7 Ways to Save Money When You are Young and Naive
A lack of experience or knowledge shouldn’t stand in the way of smart money moves.
Credit builder loans are a great tool for saving money as you build credit.
There are plenty of reasons you might need to build up your credit: you may be just starting out financially, either as someone who is on their own for the first time or someone who is new to this country. Or you could have taken a few credit missteps along the way and wound up with less-than-stellar credit. Either way, you hurt your chances of getting the best rates on a loan or even getting a credit card. So, what can you do? One option is a credit builder loan. Credit builder loans are a lending product that is specifically made to help people build credit. Just like traditional banks, credit-building lenders report payment history to the three credit bureaus: Experian, Equifax, and TransUnion. That means getting a credit builder loan can be a good way to build good credit. You can use them in place of credit cards or alongside credit cards to improve your score.

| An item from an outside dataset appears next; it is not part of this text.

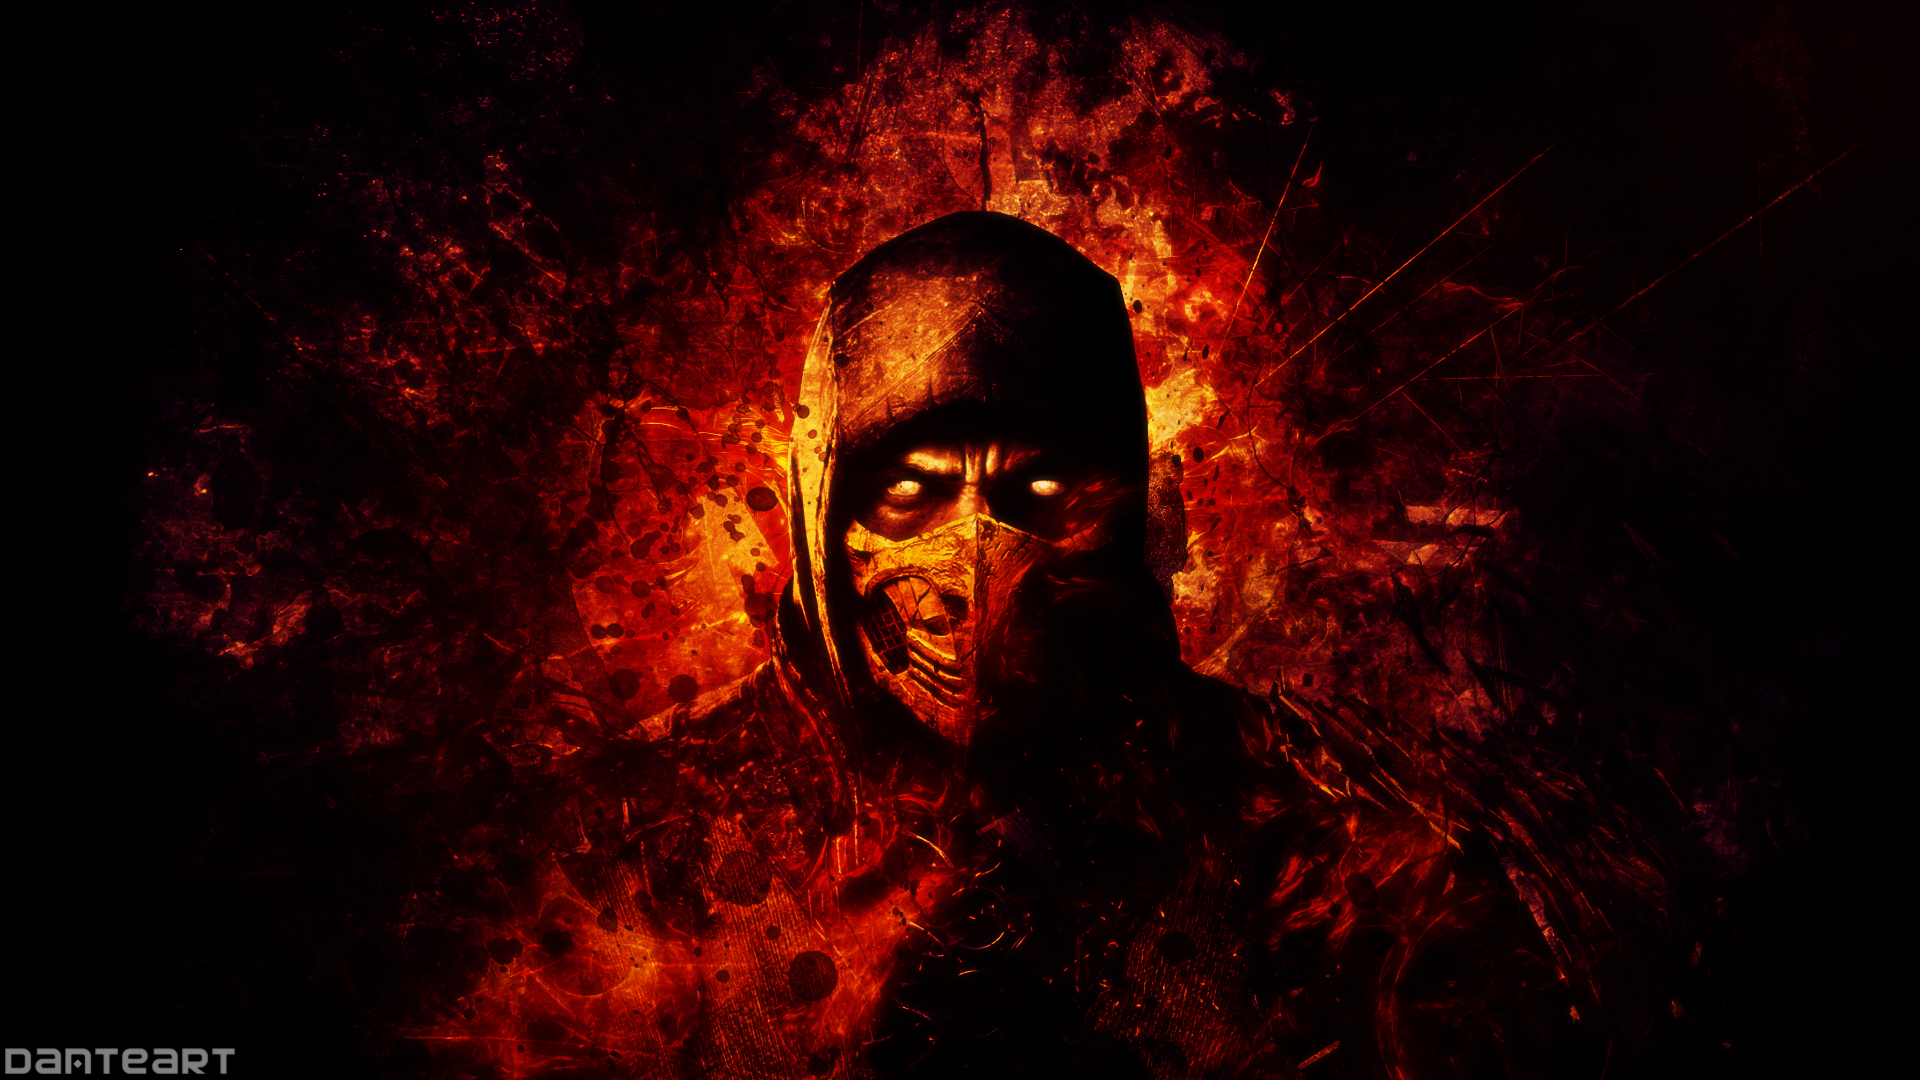 Mortal Kombat X Scorpion Wallpaper by DanteArtWallpapers 1920x1080

Credit building loans are pretty straightforward. They are loans you take out to build your credit. There are a few quirks to it though, the main one being that even though you are being “loaned” the money, you can’t actually use any of it. When you take out a credit building loan, the bank puts the money in a savings account or other savings product, like a Certificate of Deposit. You don’t have access to funds while you make monthly payments for a certain period of time. Once the loan is “paid off,” you get that money and a boost to your credit score!
A credit builder loan is one of the best ways to build credit without a credit card. The only real requirement is that you have enough income in order to pay back the loan. It’s important to know that not all banks issue these credit-builder loans. In fact, many of the bigger banks do not. Try looking at smaller community banks and credit unions when looking to open a credit-builder loan.
There are other places who offer credit builder loans, including the online company Self Lender. It gives individuals the opportunity to open a self-loan online with lower interest rates. The company states that rates will not be more than 16 percent interest. They also report to the three credit bureaus, so it helps your credit. Here’s how Self Lender works:
There are also lending circles and a kind of bank called a Community Development Financial Institution, or CDFI, that also offer these “fresh start” loans. Lending circles are run by the non-profit Mission Asset Fund and work by creating “circles” of individuals in your community to loan you money. Each month when you make a payment, you are essentially paying off one of the individuals within the circle, until you have made all the payments. This option reports to the credit bureaus but is a little more involved because it requires taking financial education courses and applying to be in a circle. Lastly, a CDFI can either be a regulated institution, like a bank or credit union, or a venture capital fund, that is accredited to serve individuals in low-income communities who may not have access to traditional financing. While not available everywhere, these lenders give you options not only for credit-builder loans but also first-time mortgages and more to help build up the community surrounding them.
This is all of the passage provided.